Records shown Block Start

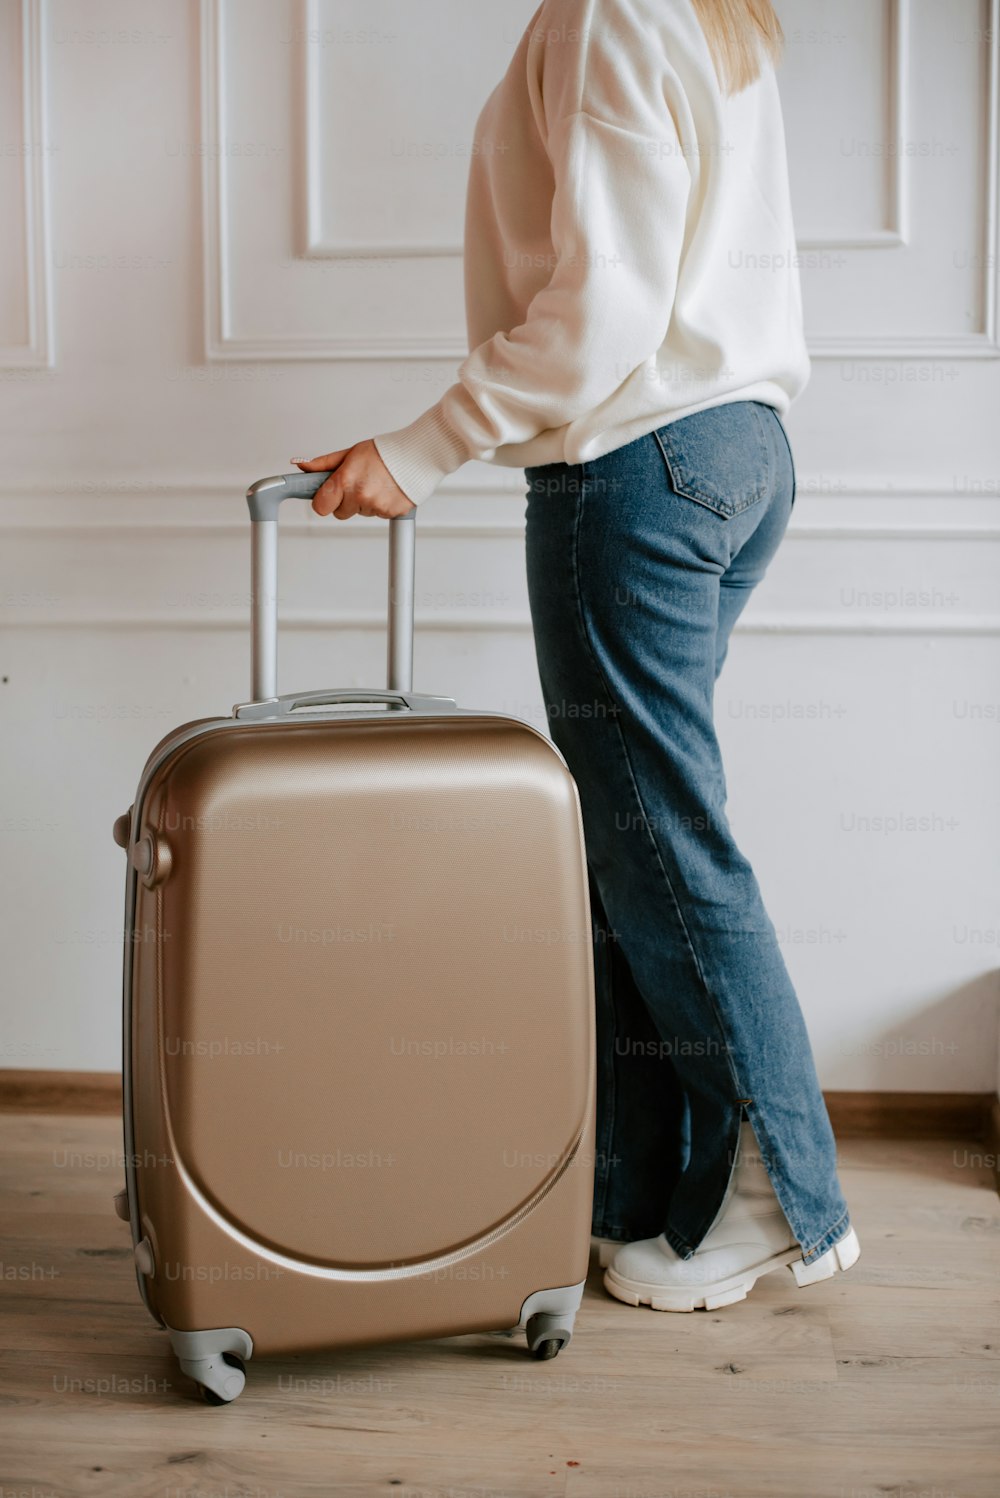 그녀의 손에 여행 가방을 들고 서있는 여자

Records shown Block End
Records shown Block Start

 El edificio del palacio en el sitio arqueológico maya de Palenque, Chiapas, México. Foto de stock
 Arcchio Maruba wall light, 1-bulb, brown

Records shown Block End

Above are some lines. Repeat exactly, and only, those from the line that has "El edificio del" through the line that has "Arcchio Maruba wall light, 1-bulb, brown".

▶ [Finished task]
 El edificio del palacio en el sitio arqueológico maya de Palenque, Chiapas, México. Foto de stock
 Arcchio Maruba wall light, 1-bulb, brown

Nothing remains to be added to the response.